Put differently, in the same way Obama’s ACA prevents the expansion of Medicare, Obama’s conversion to methane prevents conversion to non-carbon energy sources. Did I say “Obama”? I meant it.

Romm:

[N]atural gas doesn’t just displace coal — it also displaces carbon-free sources of power such as renewable energy, nuclear power, and energy efficiency. …

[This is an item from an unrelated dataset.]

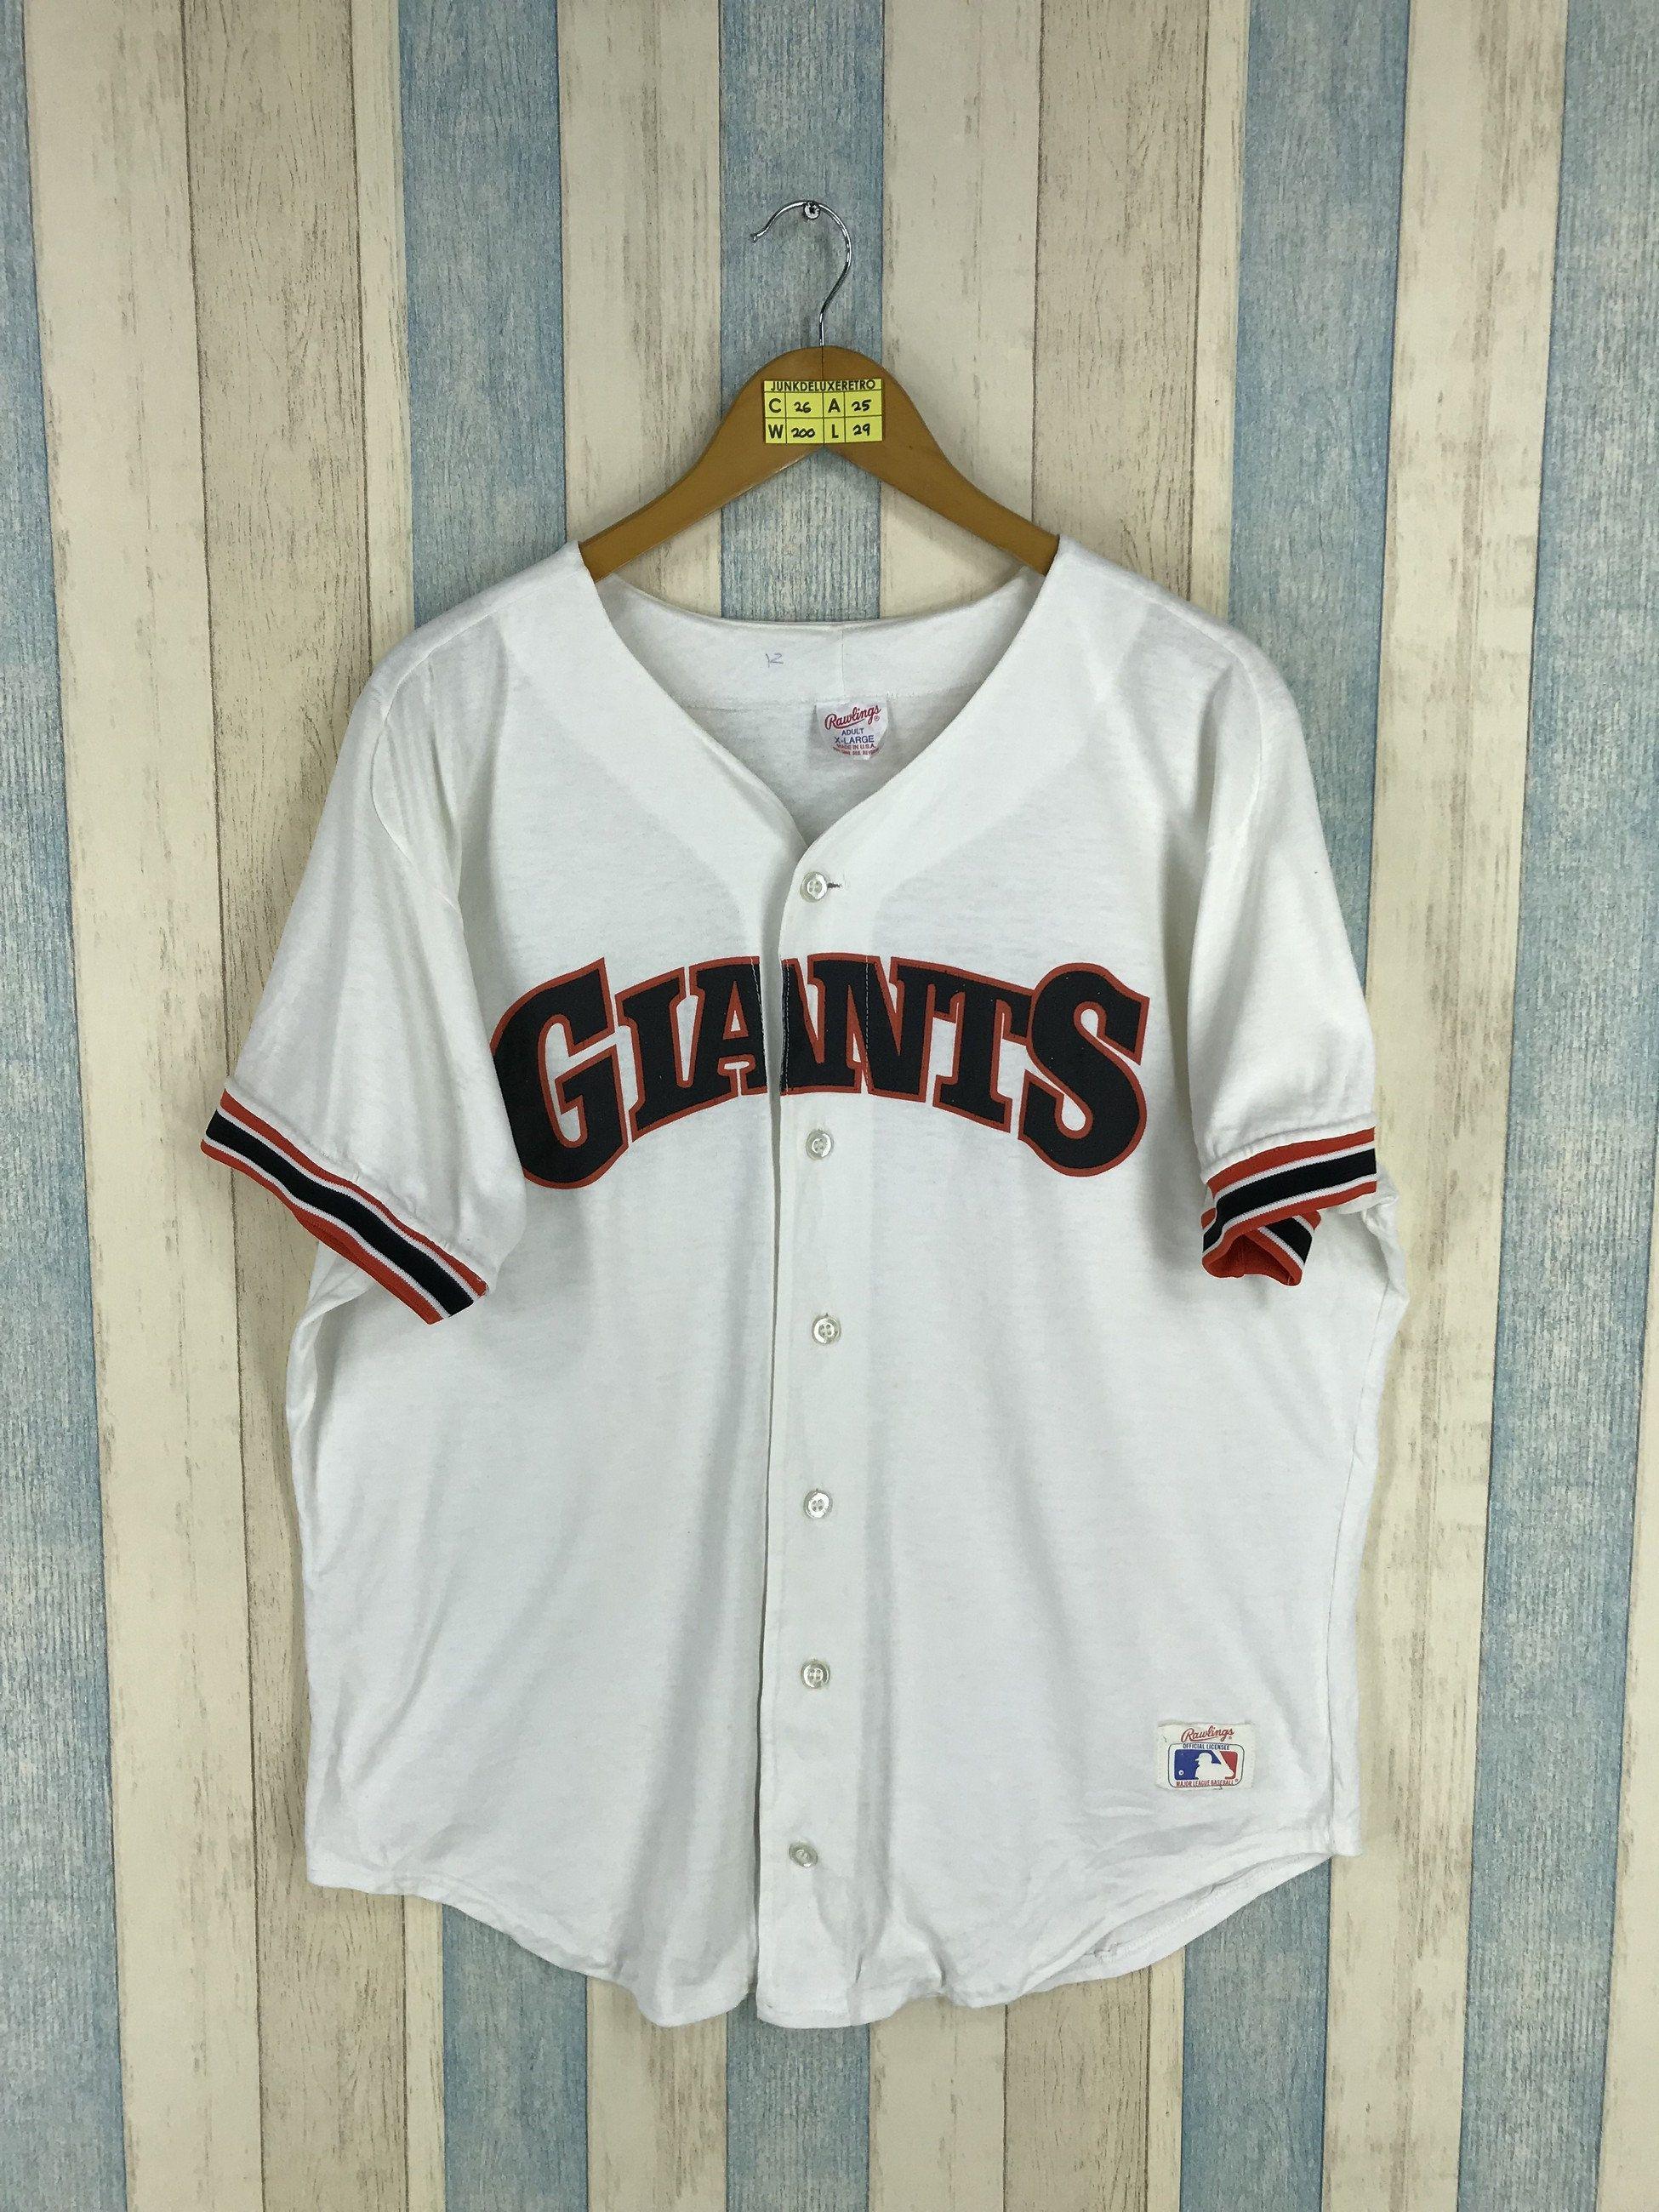 e84ebb1b GIANTS Baseball Fan Club Jersey Shirt Xlarge Baseball Jersey Major League  Baseball Vintage San Francisco Giants Jersey Mlb Size XL by JunkDeluxeRetro  on ...

Investing billions of dollars in new shale gas infrastructure for domestic use is, as we’ve seen, a bridge to nowhere — especially until we put in place both a CO2 price [carbon tax] and regulations to minimize methane leakage. The extra emissions from LNG completely eliminate whatever benefit there might be of building billion-dollar export terminals and other LNG infrastructure, which in any case will last many decades, long after we need a nearly carbon-free electric grid.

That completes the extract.